Однако Стил столкнулся с серьезными трудностями. Недостаточно быть добродетельным или порядочным – нужно продавать билеты и, по выражению Кольера, «обеспечить большинство из толпы». Его ожидала жестокая конкуренция с итальянской оперой, а главное, с театром «Линкольнс-Инн-Филдс» Джона Рича. Рич вырос в театральной семье и исполнял итальянские пантомимы на подмостках лондонских театров. Практичный и сообразительный, он знал, что будет продаваться, и заранее выбрасывал дешевые билеты, собирая очереди на представления, которые позднее один критик заклеймил как «огромное количество гармоничного вздора». Однако постановка «Любовных похождений Марса и Венеры» Уивера сделала, казалось, невозможное: она была серьезной и имела кассовый успех14.
На что это было похоже? Насколько известно, балет представлял собой серьезную пантомиму на музыку Генри Саймондса, хотя в угоду царившим вкусам в действие были введены комические Циклопы. Спектакль был целомудренным: исполнительница роли Венеры, красавица Эстер Сантлоу, отказалась от привычных соблазнительных поз в пользу непорочной и возвышенной «изящности». В спектакле не было пения, пояснительных надписей, знакомых мелодий, смысл происходящего передавался исключительно «упорядоченными жестами» и основными выражениями лица (наподобие масок), выведенными физиономистами, занимавшимися физическим проявлением характера человека и его эмоциональных состояний.
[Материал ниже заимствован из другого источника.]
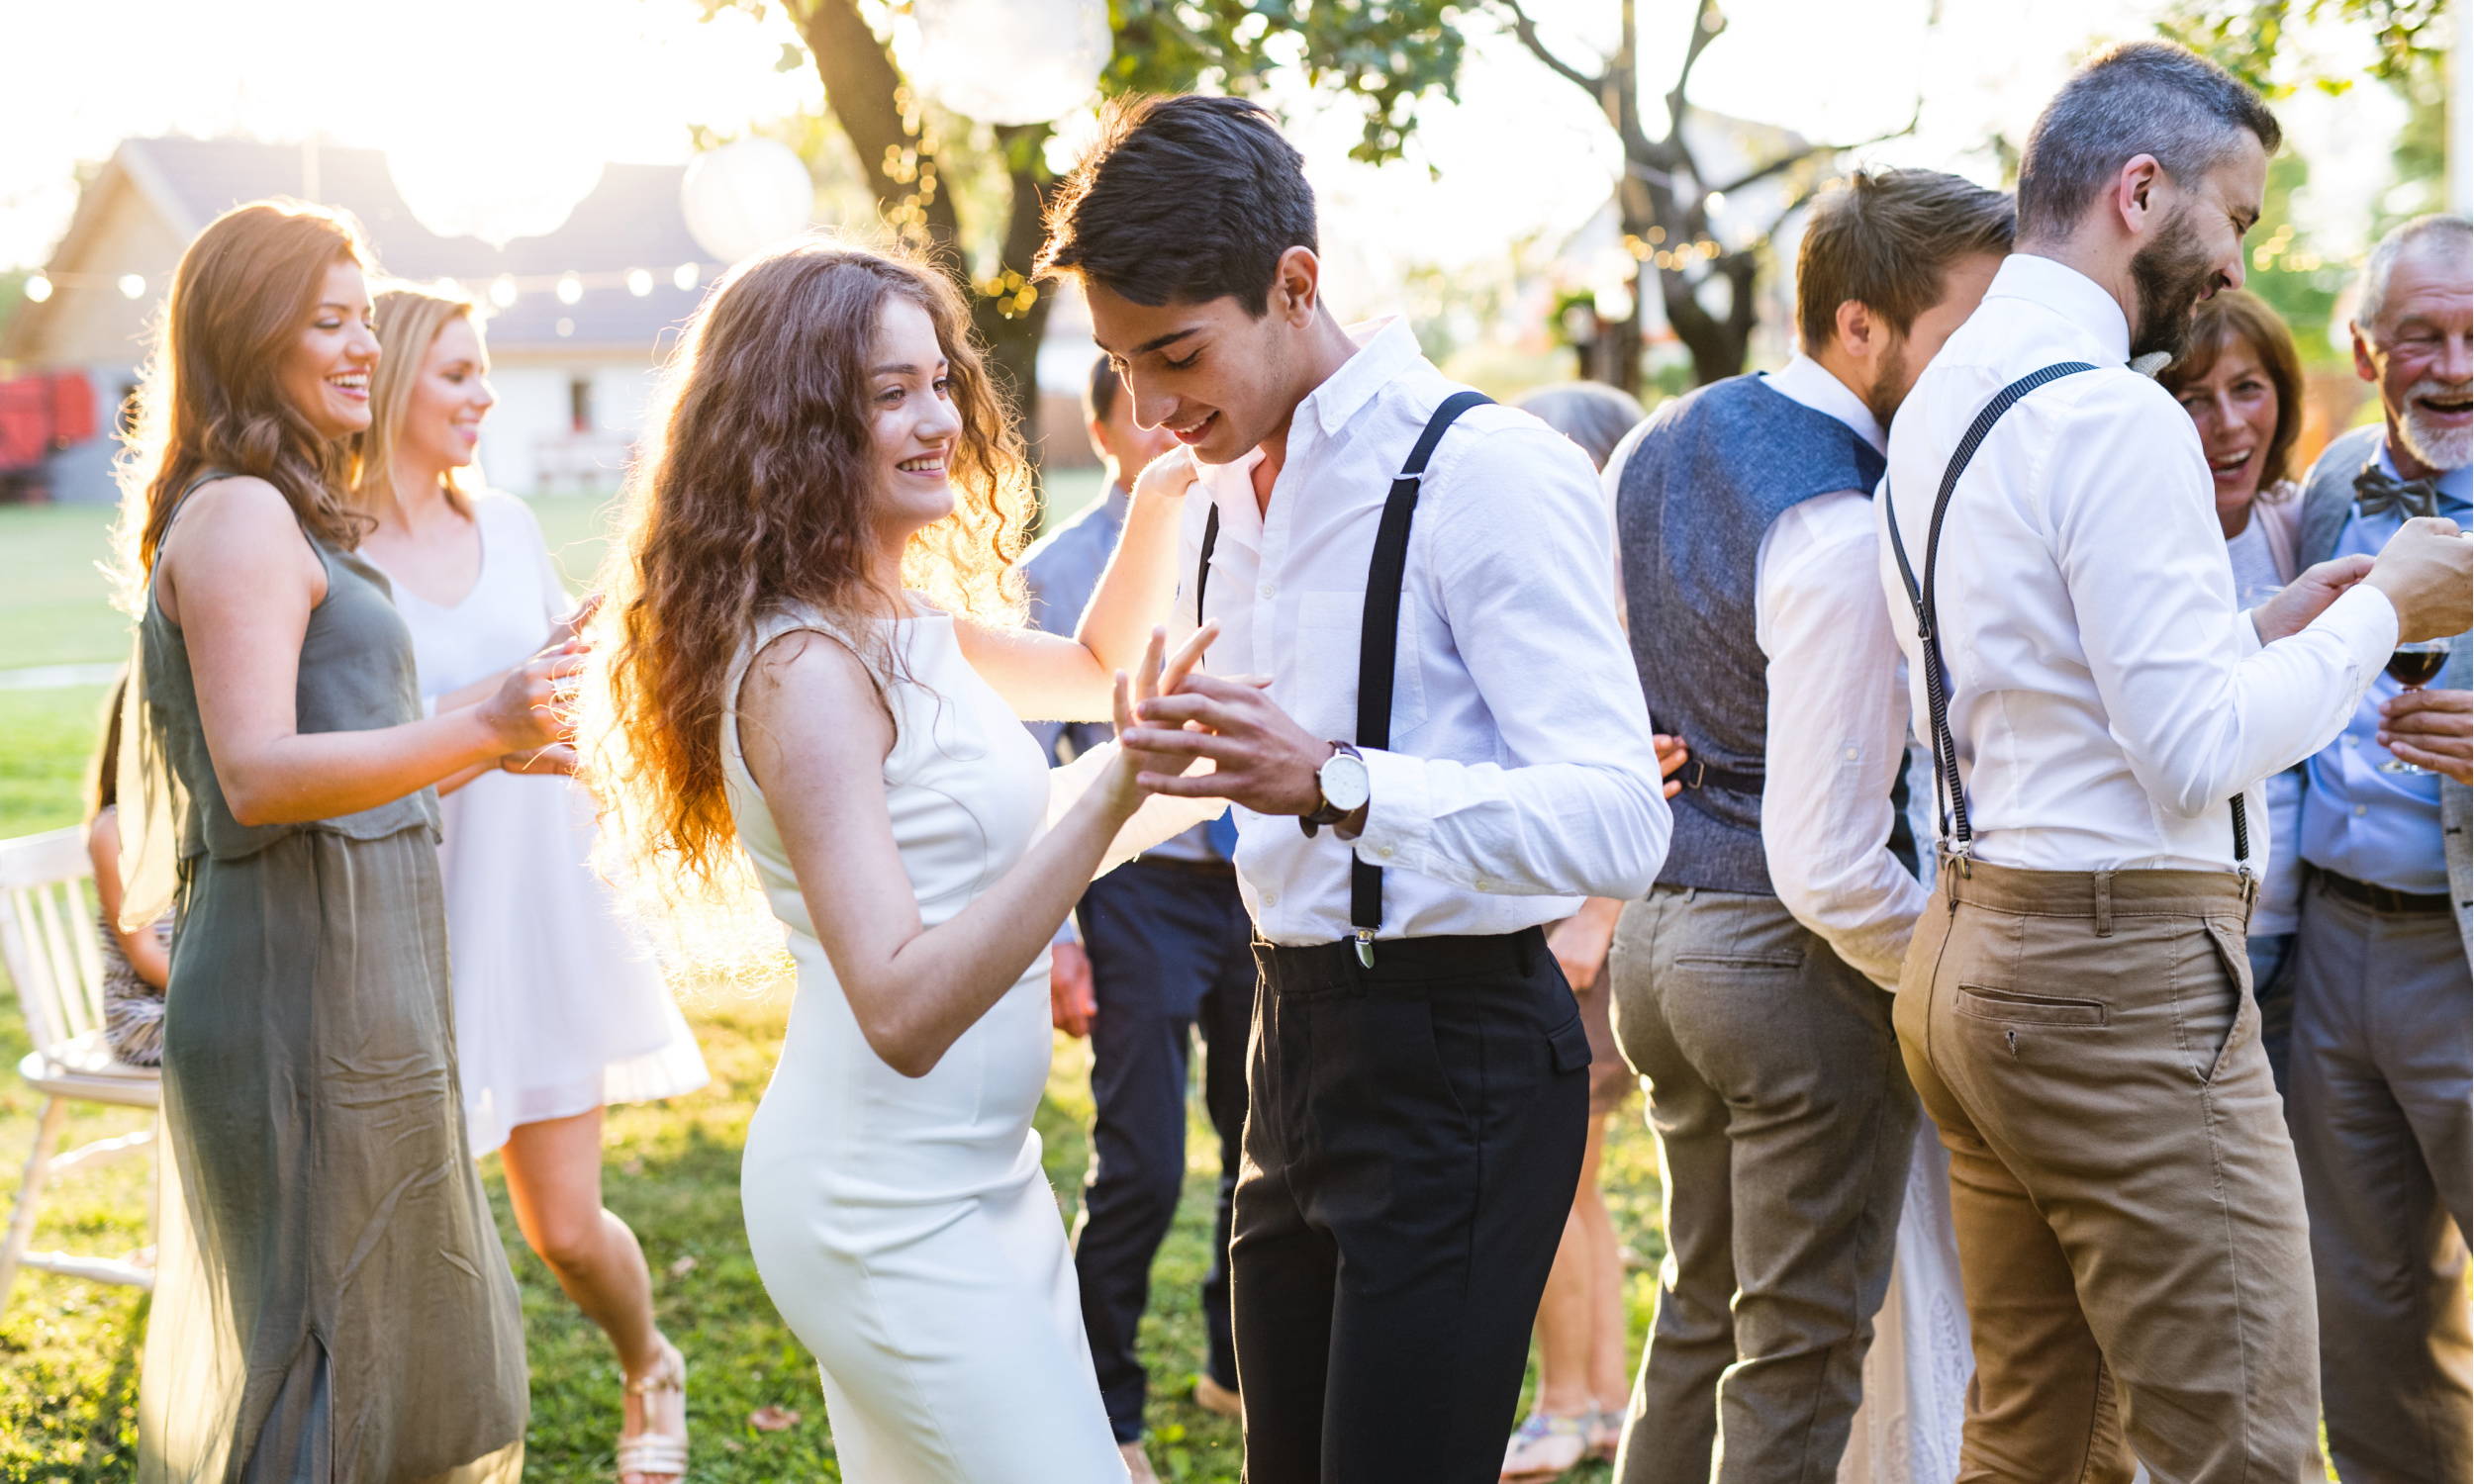 Guests Dancing at Wedding

Так, ревность изображалась «особым указанием средним пальцем на глаз», гнев – «внезапным ударом правой руки по левой, иногда по груди». Уивер довольно подробно изложил задуманные жесты и движения, подкрепив свое описание обильным цитированием античных источников15.
Джон Рич в отместку не замедлил поставить пародию, дерзко озаглавленную «Марс и Венера, или Мышеловка», где все серьезные партии исполнялись в презираемом итальянском акробатическом стиле. В следующем году Уивер и Стил ответили на выпад «Орфеем и Эвредикой», приложив 25-страничную программу, изобилующую ссылками на Овидия и Вергилия. Постановка не получила успеха, и со временем Стил был вынужден все больше подчиняться массовым вкусам – вводить трюки, фокусы, похотливые комические приемы. Осознав свое поражение, Уивер покинул театр в 1721 году; к этому времени эксперимент, затеянный двумя единомышленниками, выдохся, и «Друри-Лейн» неумолимо стал скатываться к низкопробным развлекательным пантомимам, которые в свое время привели к успеху их конкурента. В 1728 году Уивер на короткое время снова проявился и написал резкое напыщенное сочинение о своем серьезном театре пантомимы, но остался неуслышанным. В следующем году Стил умер, и Уивер все чаще уединялся в Шрусбери, замыкаясь в частной жизни. Он руководил своей школой, где преподавал танец и репетировал пантомимы из ностальгических времен «Друри-Лейна» до самой (оставшейся незамеченной) кончины в 1760 году.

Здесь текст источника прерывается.